Many people gave me helpful feedback on earlier versions of this book. In particular, hundreds of students at Princeton and Brown have suffered through preliminary drafts over the years. Special thanks are due to Trina Avery and Tom Freeman for their help in producing the first edition; to Janet Incerpi for her creativity and ingenuity in persuading our early and primitive digital computerized typesetting hardware and software to produce the first edition; to Marc Brown for his part in the algorithm visualization research that was the genesis of so many of the figures in the book; and to Dave Hanson and Andrew Appel for their willingness to answer all of my questions about programming languages. I would also like to thank the many readers who have provided me with comments about various editions, including Guy Almes, Jon Bentley, Marc Brown, Jay Gischer, Allan Heydon, Kennedy Lemke, Udi Manber, Dana Richards, John Reif, M. Rosenfeld, Stephen Seidman, Michael Quinn, and William Ward.

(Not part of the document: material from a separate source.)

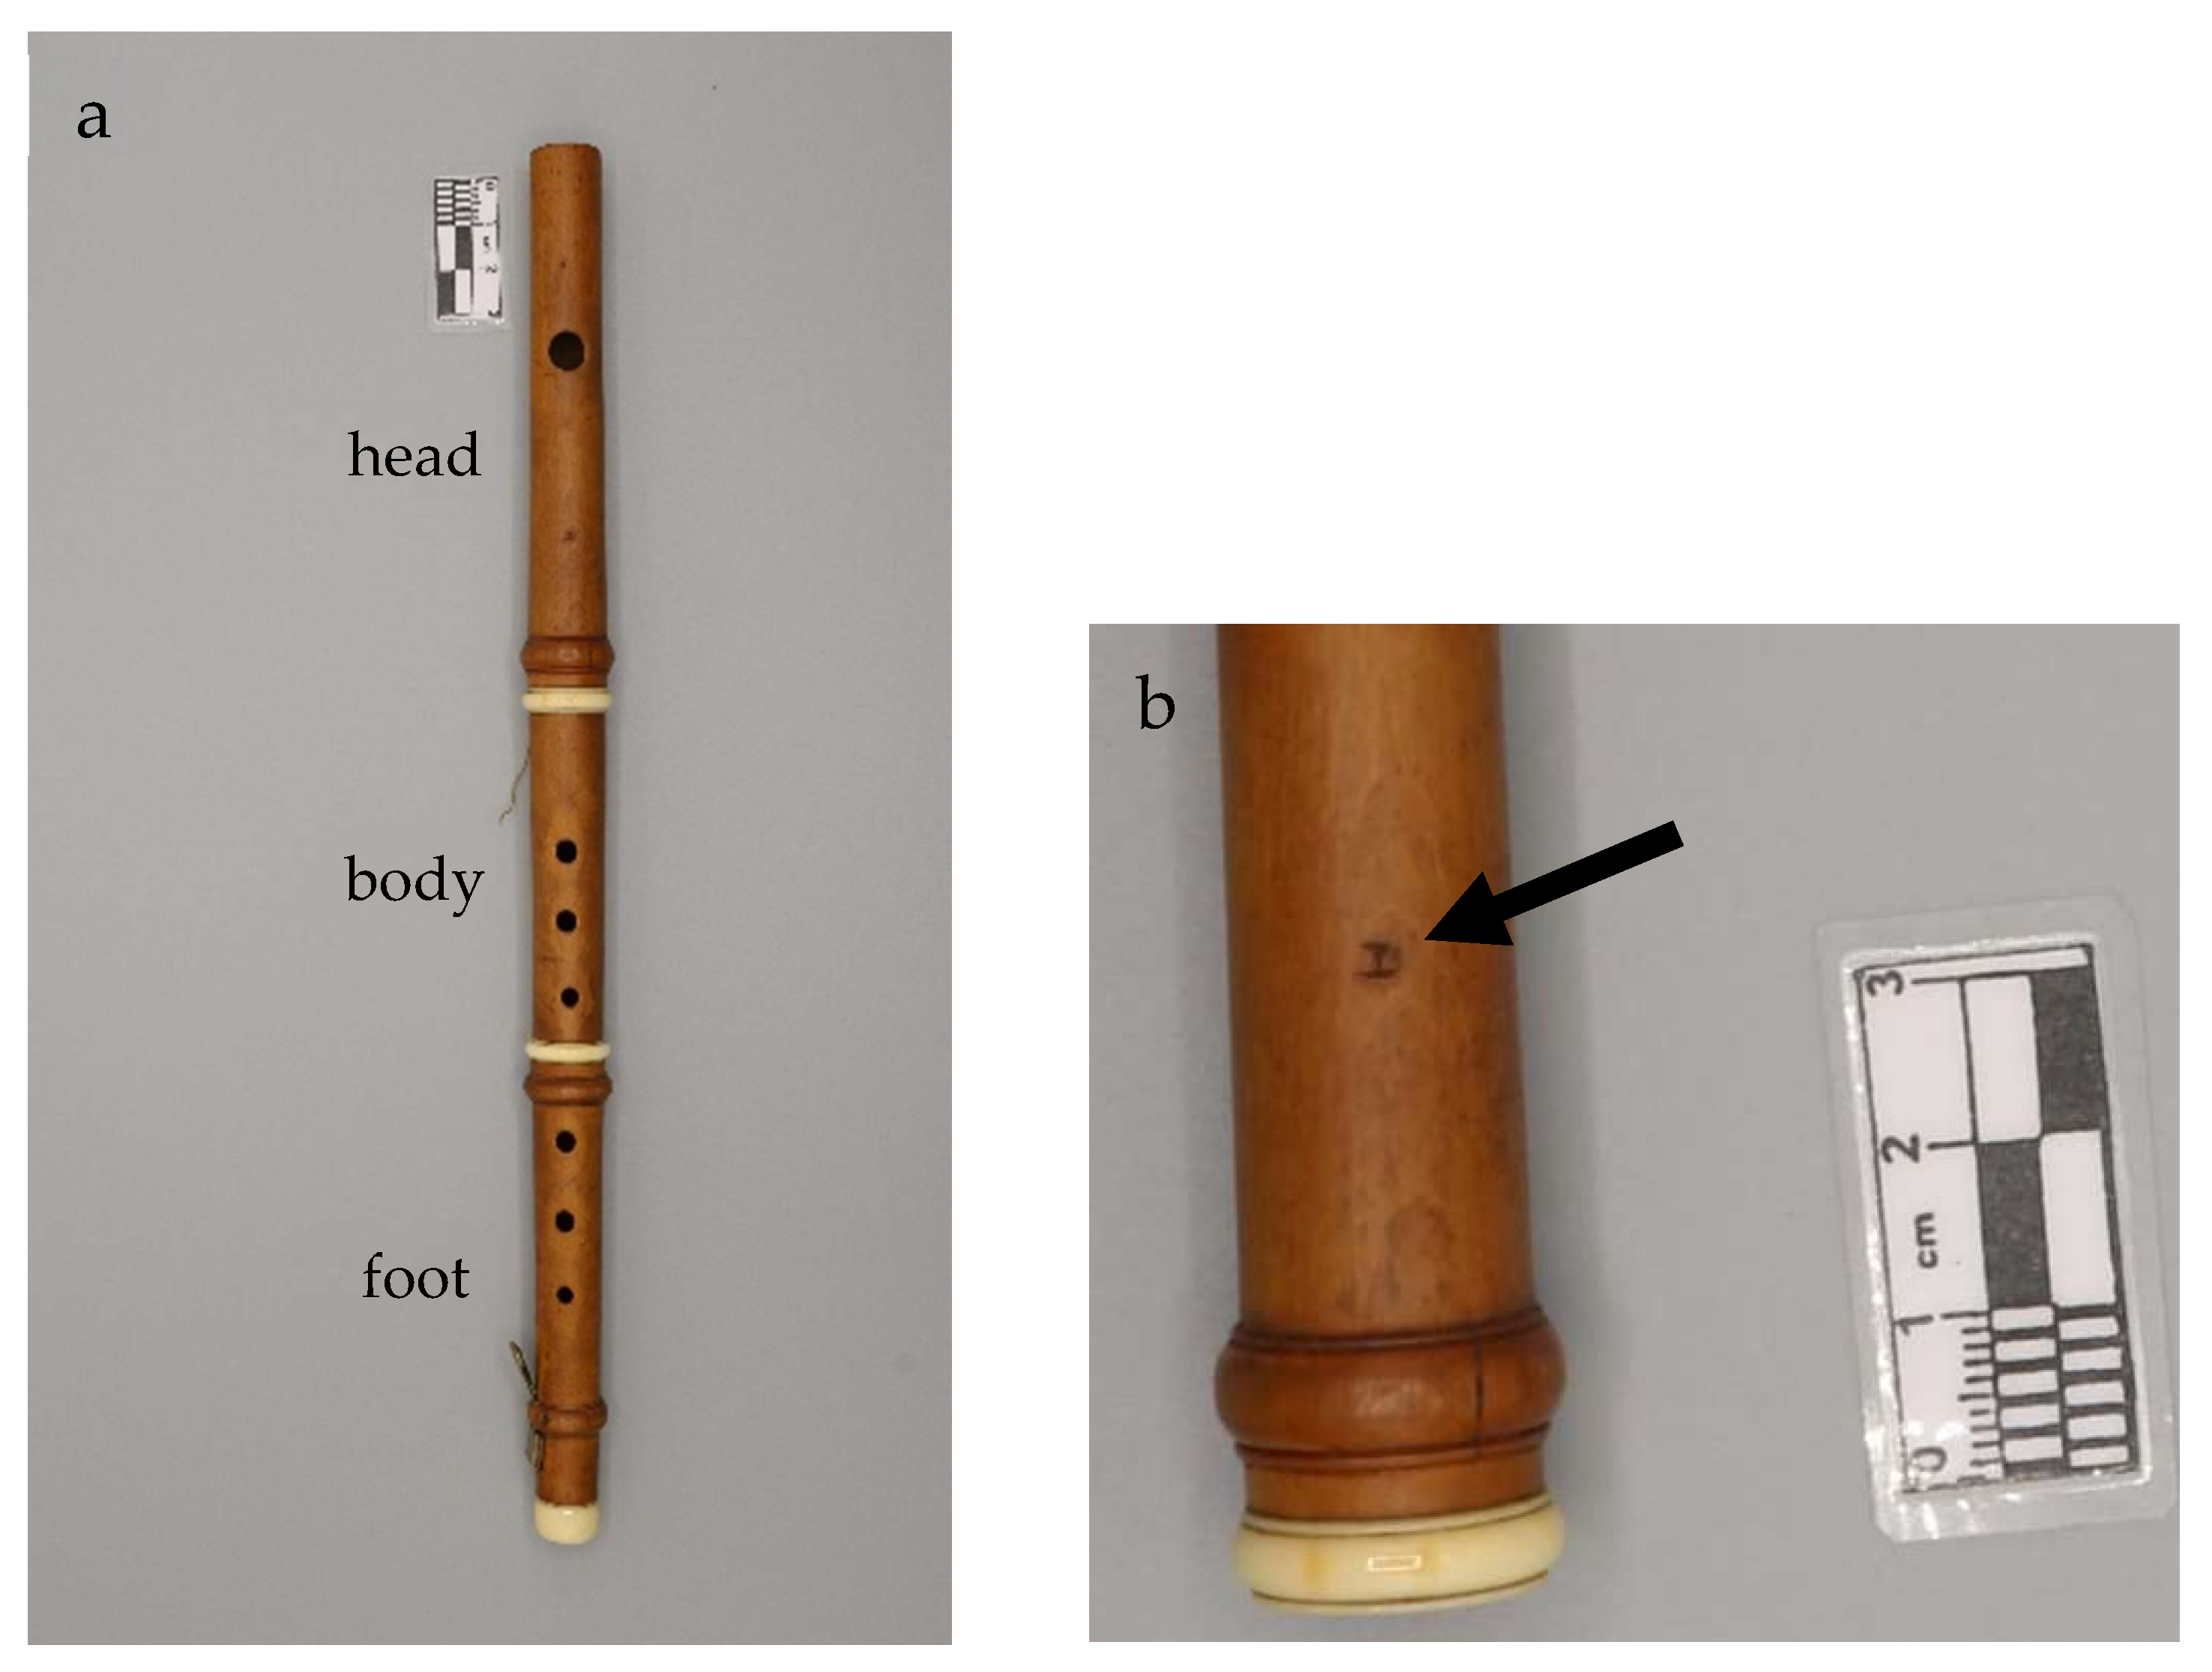 J. Imaging | Free Full-Text | X-ray Computed Tomography Analysis of  Historical Woodwind Instruments of the Late Eighteenth Century
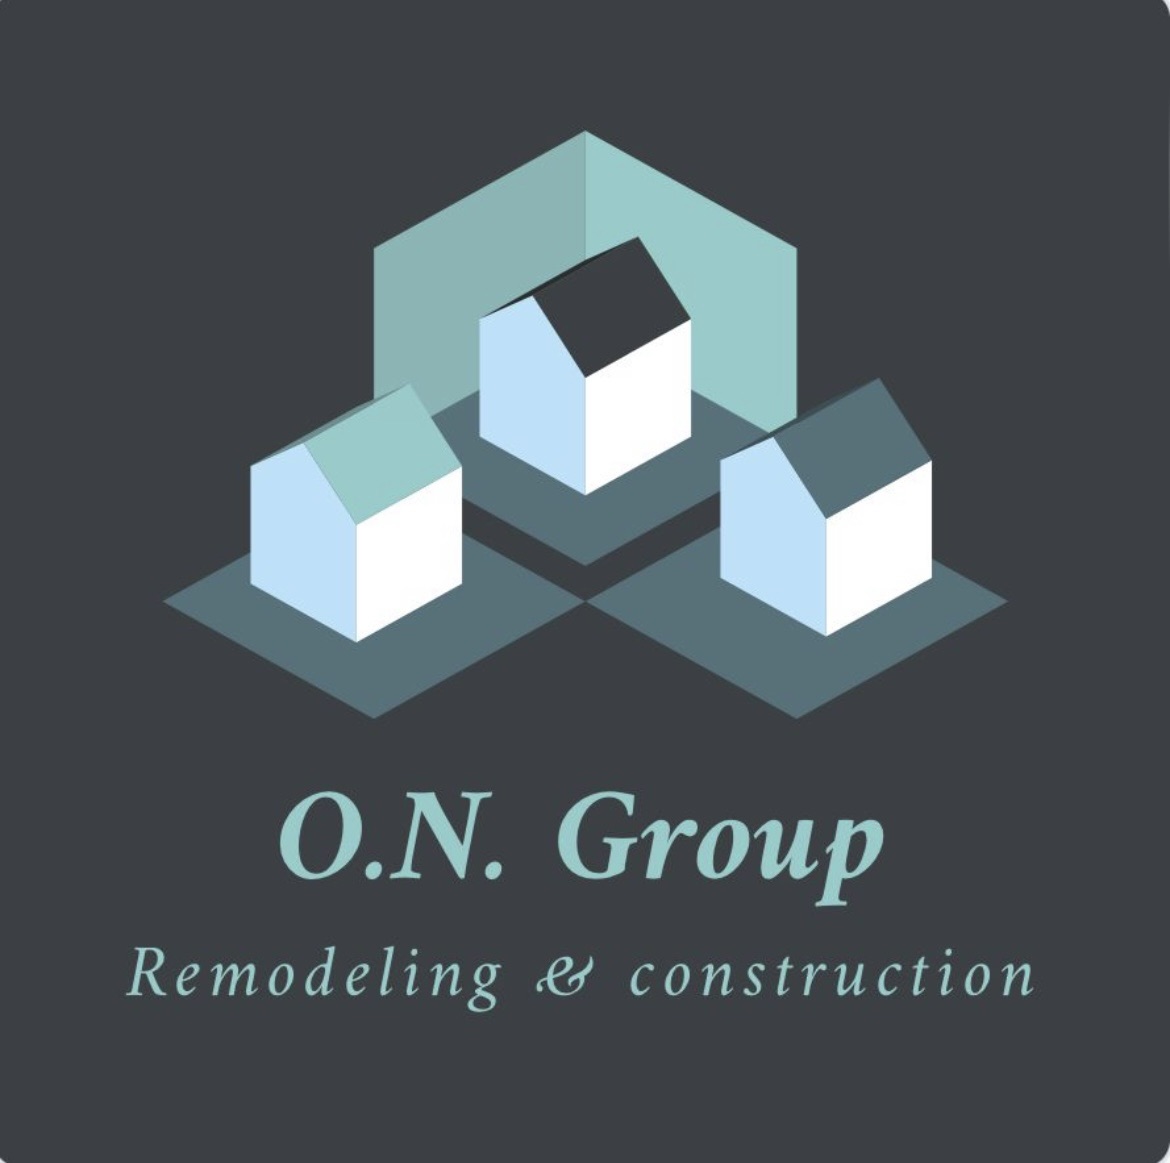 ON group remodeling & construction

To produce this new edition, I have had the pleasure of working with Peter Gordon and Helen Goldstein at Addison-Wesley, who have patiently shepherded this project as it has evolved. It has also been my pleasure to work with several other members of the professional staff at Addison-Wesley. The nature of this project made the book a somewhat unusual challenge for many of them, and I much appreciate their forbearance. In particular, Marilyn Rash did an outstanding job managing the book's production within a tightly compressed schedule.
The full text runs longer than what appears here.